I enjoyed the Textile Museum and saw their temporary exhibitions Urban Fabric: Portraits of a City and From Ashgabat to Istanbul: Oriental Rugs from Canadian Collections. There were some nice moments in the museum, but by and large I wasn’t compelled to know more or learn more. There were some beautiful pieces on display and their exhibition Urban Fabric: Portraits of a City clearly tried to broaden the definition of textile and appeal to a different a more urban, art-focused visitor than perhaps they usually get, but there was nothing about my visit that was delightful: that compelled me to know more and know deeper because I was enchanted by what I saw.

In contrast to that visit was my visit to the Bata Shoe Museum. I have visited the Bata Shoe Museum before and while I enjoyed my previous visits, I never
felt that it was a museum I needed to visit multiple times. In my most recent visit, I quickly walked through their permanent gallery, noticing that there were a few artifacts that had been rotated since my last visit, and moved up to a temporary exhibit they had on entitled: 

Fashion Victims: The Pleasures and Perils of Dress in the 19th Century. 19th century fashion was a topic that I am familiar with because of my work at Black Creek Pioneer Village, so I wasn’t expecting to learn a great deal more than I already knew.
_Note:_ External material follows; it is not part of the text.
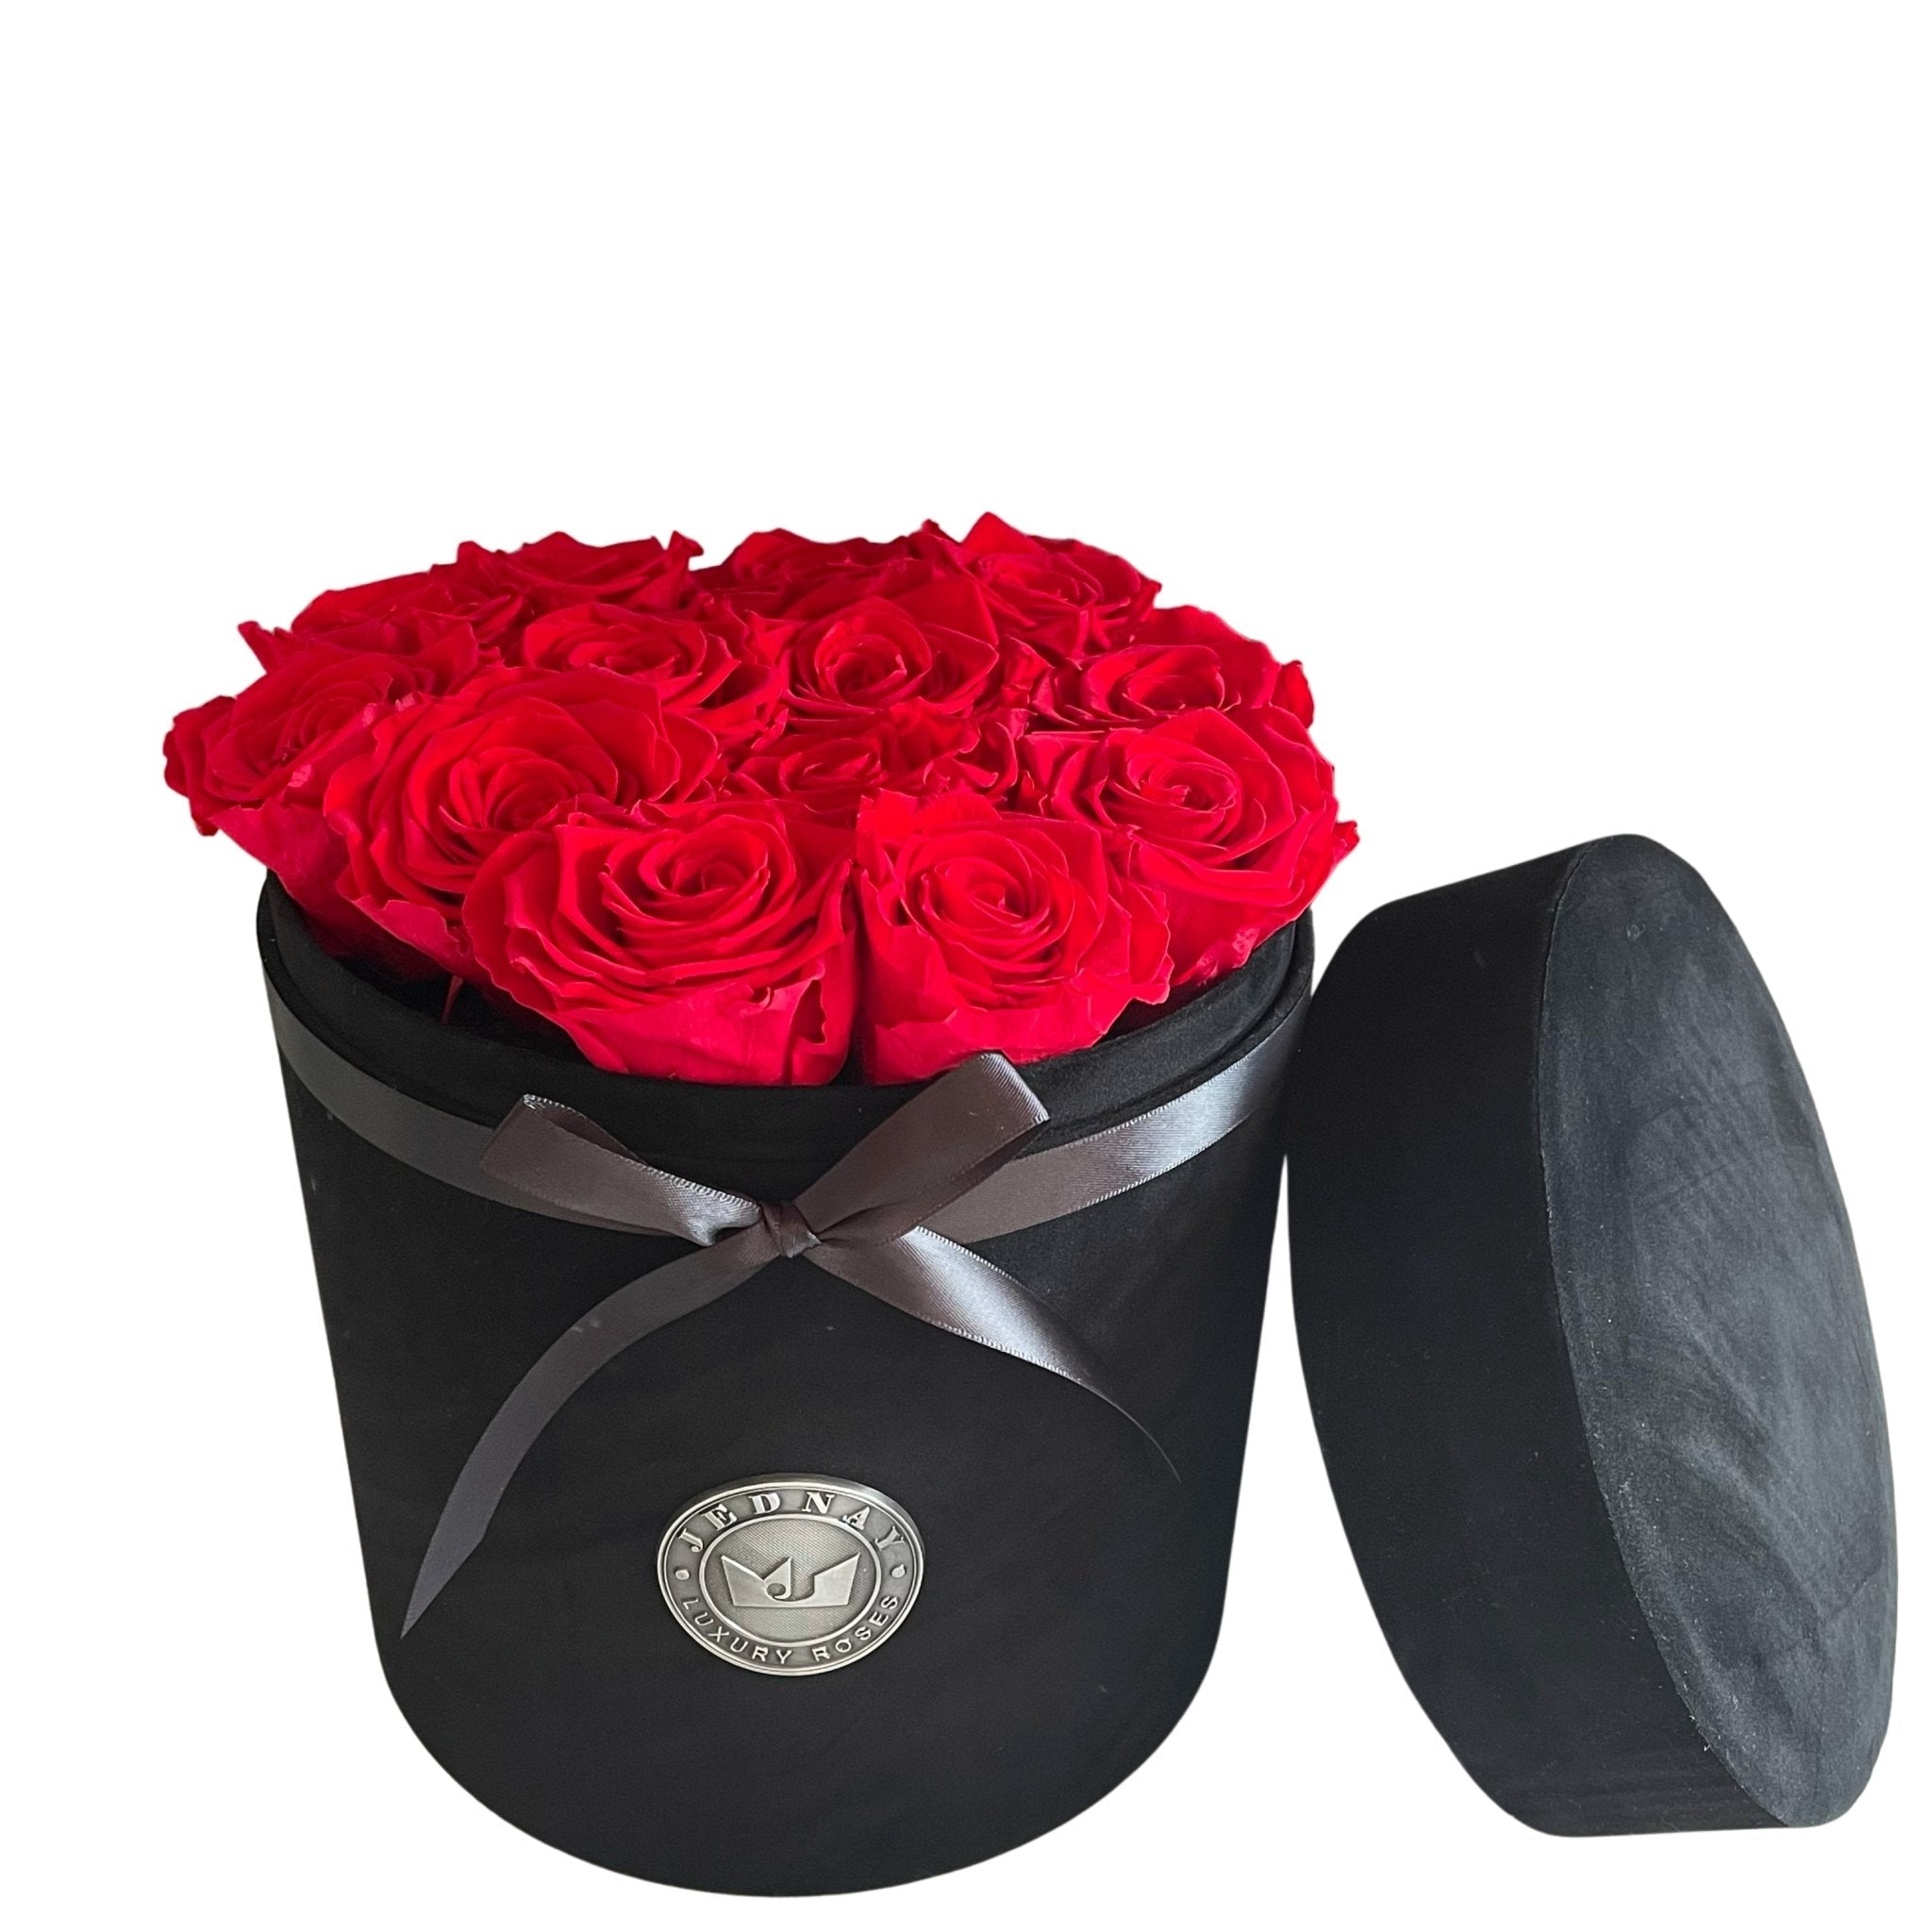 What To Give As A 50th Wedding Anniversary Gift? - Jednay Roses

However, here was where I found delight in learning. Walking into the exhibition I was immediately taken into another world. The exhibit was created to look like a 19th century department store with each exhibit case enclosed in a wooden box that made the exhibit case look like a department store window. There was a vestibule with a bench, (fake) greenery, and a clear introductory panel you had to walk into the exhibit to read. I was delighted. I was enchanted. I wanted to learn more. Walking further into the exhibit were full-sized glass cases with clothing displayed in situ. The presentation of this exhibit, designed by Origin Studios, compelled me to learn more, read more, think more, and spend more time. This delight in presentation sparked a delight in learning and enhanced the objects, rather than detract from their value.

While budget, collection, and audience are considerations in exhibition design and one’s definition of delight or experience as a museum visitor can vary widely, these two visits demonstrated to me the importance of designing an exhibition for delight. For me, delight lead to exploration and exploration lead to learning – and learning by choice. This means that design of exhibitions need to be part of the curatorial vision of the exhibition. The design needs to tell the story in the same way the artifacts and the exhibit labels need to tell the story. Design isn’t secondary to the exhibition, it is the exhibition, and needs to be considered as such.